How can the glaring discrepancies in experts’ estimates of the sun’s proportionate role in causing melanomas, which range from 20 percent up to 50 or 90 percent be explained? One possibility is that even if UV sunrays do not generally cause melanomas, heavier sun exposure among people with fair skin and those living in sunny climates could promote growth of melanomas initiated by other causes, thereby raising melanoma death rates in these groups.
We should stress that most deaths caused by generally non-fatal carcinoma-type tumors (only 20 percent of all skin cancer fatalities) appear linked to excessive sun exposure.
This is why research indicates that sunscreen can reduce the risk of this least-dangerous category of skin cancers.
But one must weigh the best sunscreens’ ability to reduce the already minuscule risk of death from skin carcinomas against three countervailing factors:
*The potential for increasing one’s risk of non-skin cancers, due to reduced vitamin D production.
*The unknown risks of the insufficiently safety-tested additives in sunscreens
*The substantial expense and hassle of doing what most dermatologists advise, which is to apply hefty amounts of sunscreen whenever one spends more than 20 minutes in the sun.
Dermatologists’ advice regarding sunscreen use and sun avoidance makes the most sense for fair-skinned folks, who lack UV-blocking pigment (melanin) in their skin, who can make extra efforts to get ample dietary vitamin D.
(Note: the most useful form of vitamin D is the D3 form found in animal foods like fish, not the D2 form found in most vitamin D and multivitamin supplements.)

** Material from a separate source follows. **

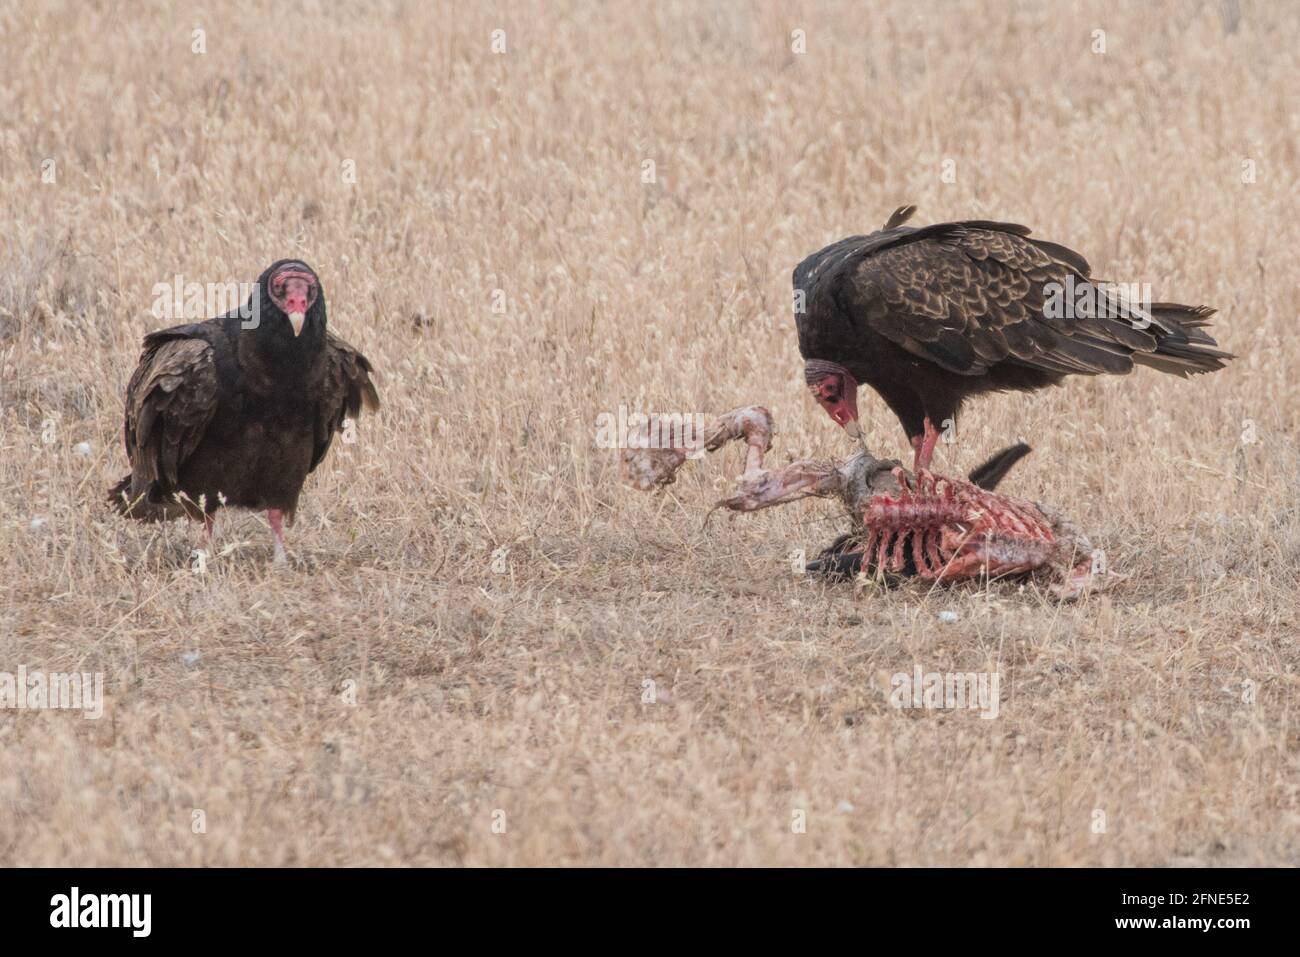 Un paio di avvoltoi tacchino (Cathartes aura) vendetta un animale morto in una regione arida della California. Foto Stock

Given Americans’ increasingly indoor-oriented, sun-deprived lives, most don’t consume enough vitamin D from foods or supplements. This is why most vitamin D researchers want to raise the US recommended daily allowance (RDA) from 400 IU to 1,000 or 2,000 IU, and urge people to eat fatty fish (the best food source) and take higher supplemental doses.
There is compelling evidence concerning the role of America’s all-too-common omega-6/omega-3 fatty acid intake imbalance in creating increased risk of skin cancers.
Researchers at the American Health Foundation (AHF) in Valhalla, New York reported the results of a study using human skin cancer cells.
The AHF scientists introduced their findings by noting the growing consensus that prompted their revealing test tube research: “Epidemiological, experimental, and mechanistic data implicate
omega-6 polyunsaturated fatty acids (PUFAs) as stimulators and long-chain
omega-3 PUFAs as inhibitors of … a range of human cancers, including melanoma.” (Albino AP et al 200)
Omega-6 fatty acids predominate in America’s most common vegetable oils (corn, soy, canola, safflower, sunflower, cottonseed) – thus in most packaged and prepared foods – and in grain fed meats and poultry.
Long-chain omega-3s – the most beneficial kind – are abundant only in fish and fish oils, while the valuable but less beneficial short-chain kind is abundant only in leafy green vegetables and flaxseed or flaxseed oil.